[PROBLEM TO SOLVE]
Repeat the listing below in full and exactly, but without its pictures.

[AVAILABLE DATA]
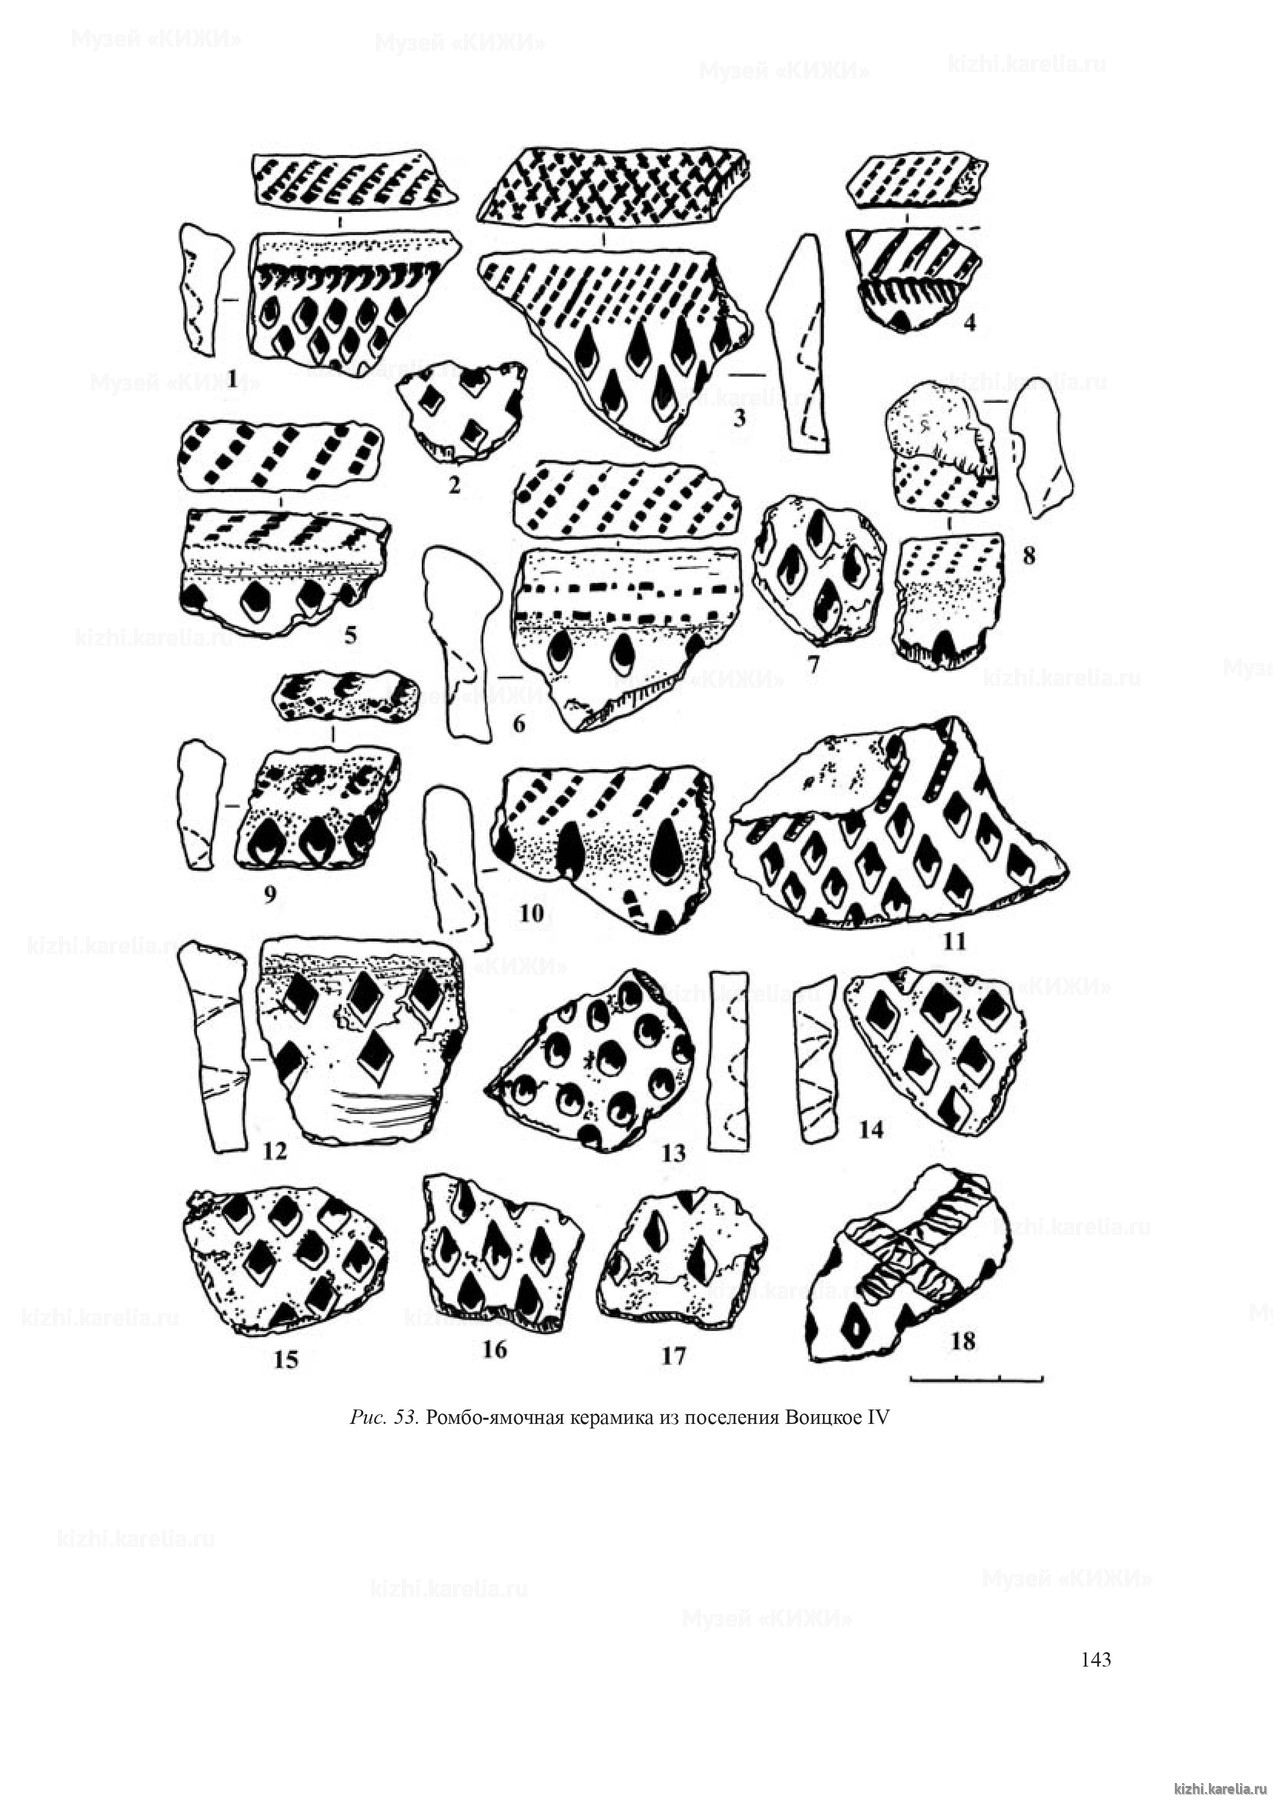 Рис. 53. Ромбо-ямочная керамика из поселения Воицкое IV
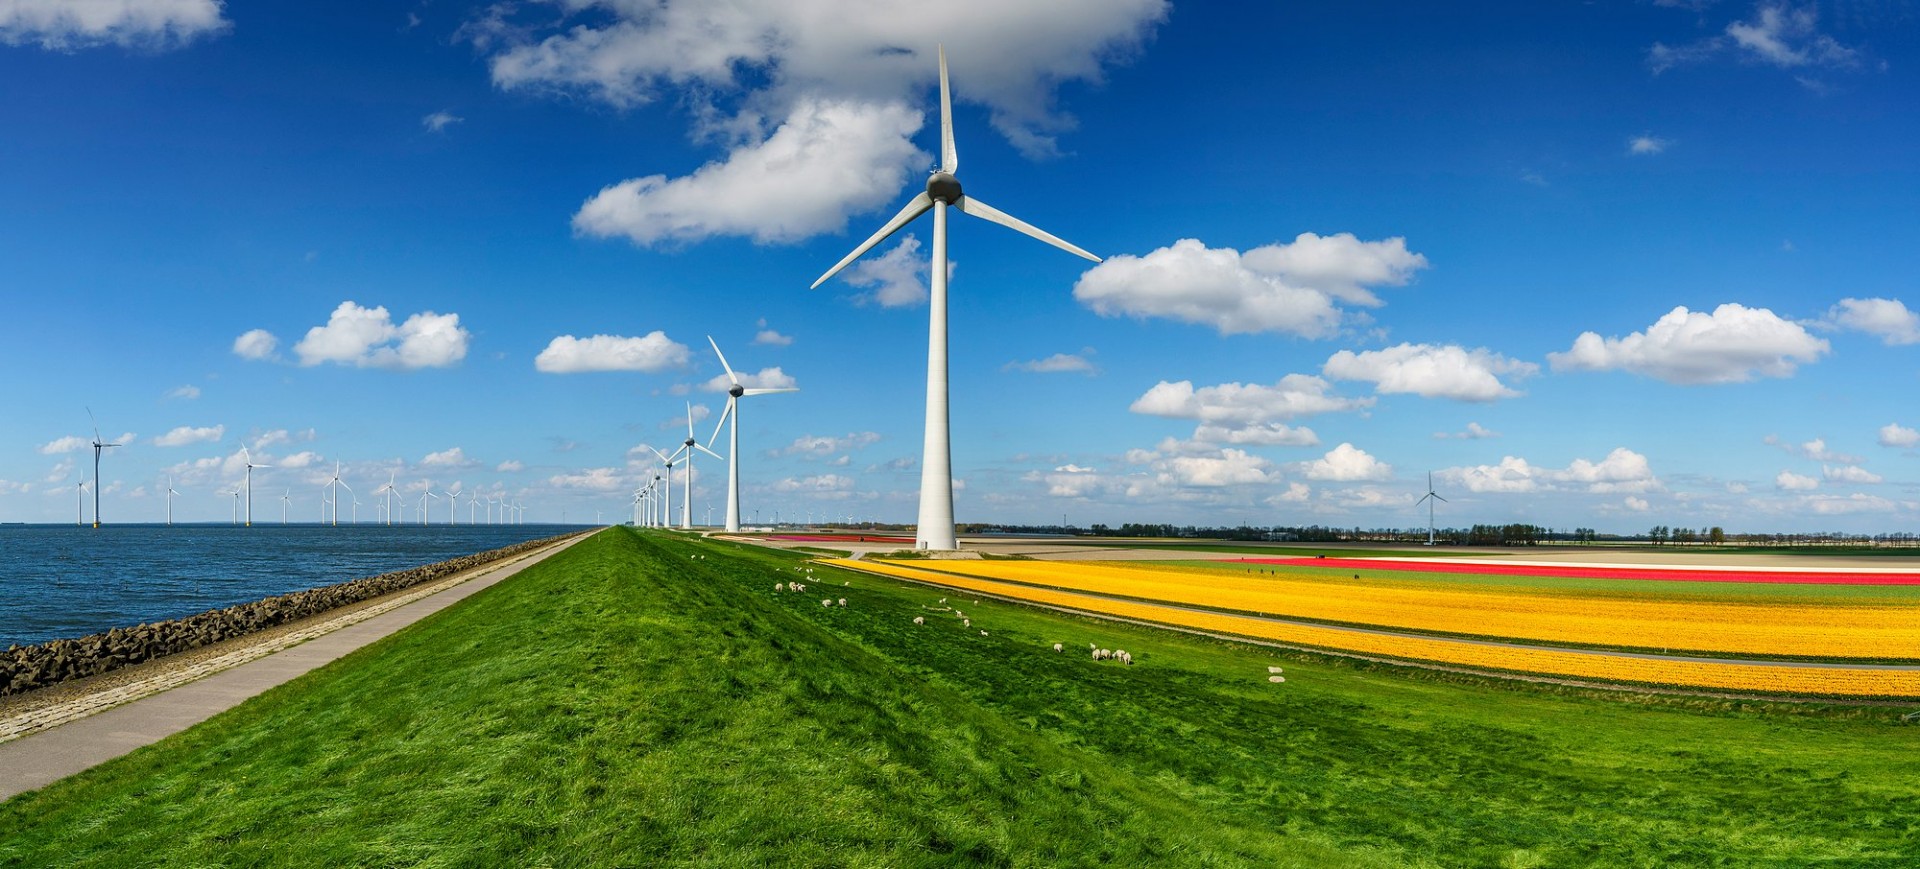 Energiebedrijf Essent verduurzaamt het stroomaanbod door de komende 15 jaar groene stroom uit Groningse windparken te kopen.
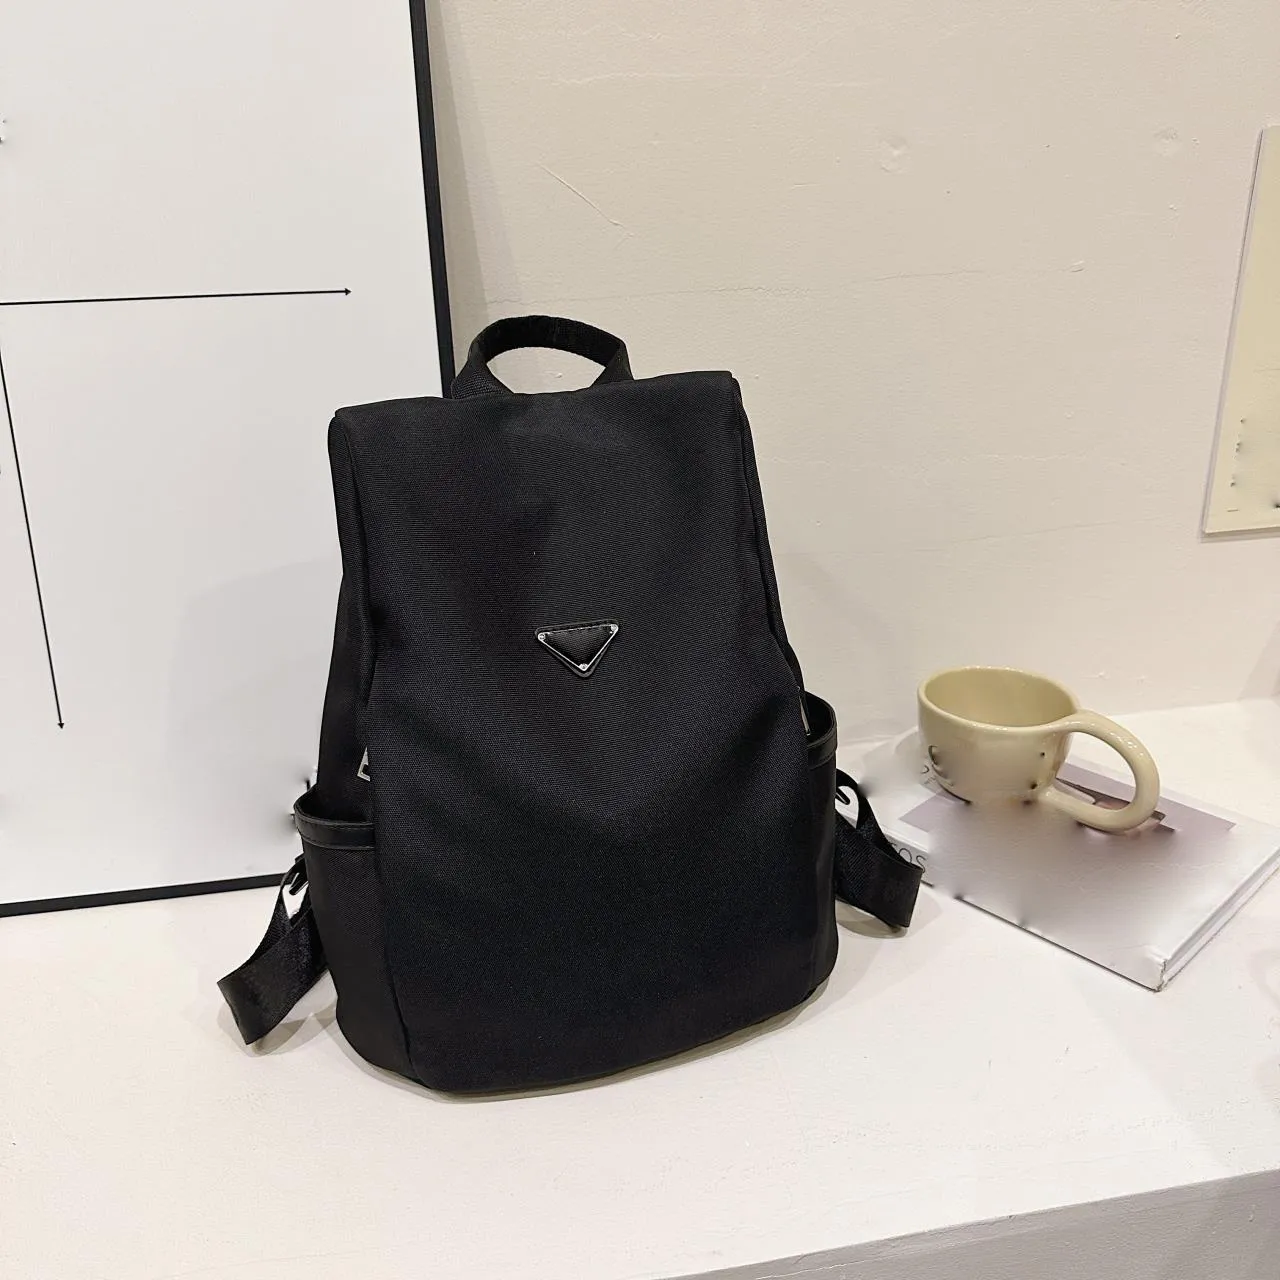 PRADE Designer Bags Backpack Laptop Bag Simple Bookbag Travel Workbackpack for Men Women Adjustable Shoulder Strap with Embroidered Letters 30x37x15cm
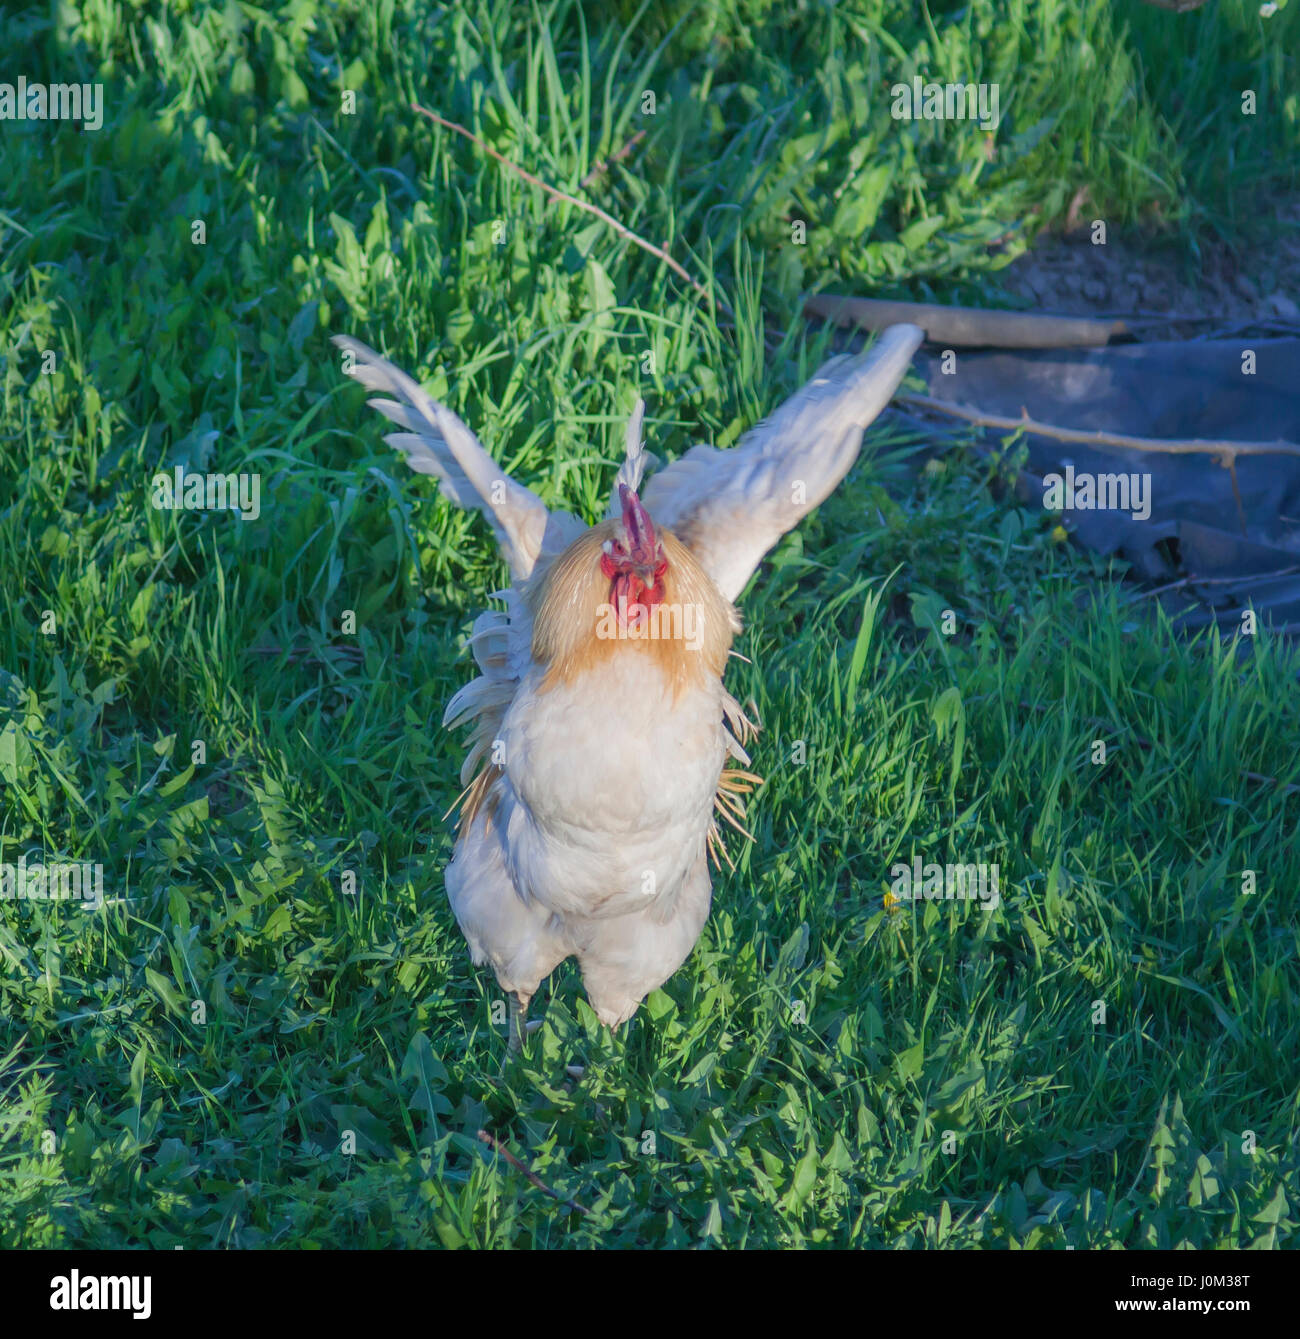 Coq bat des ailes sur l'herbe verte Banque D'Images

[RESULT OF THE EXERCISE]
 Рис. 53. Ромбо-ямочная керамика из поселения Воицкое IV
 Energiebedrijf Essent verduurzaamt het stroomaanbod door de komende 15 jaar groene stroom uit Groningse windparken te kopen.
 PRADE Designer Bags Backpack Laptop Bag Simple Bookbag Travel Workbackpack for Men Women Adjustable Shoulder Strap with Embroidered Letters 30x37x15cm
 Coq bat des ailes sur l'herbe verte Banque D'Images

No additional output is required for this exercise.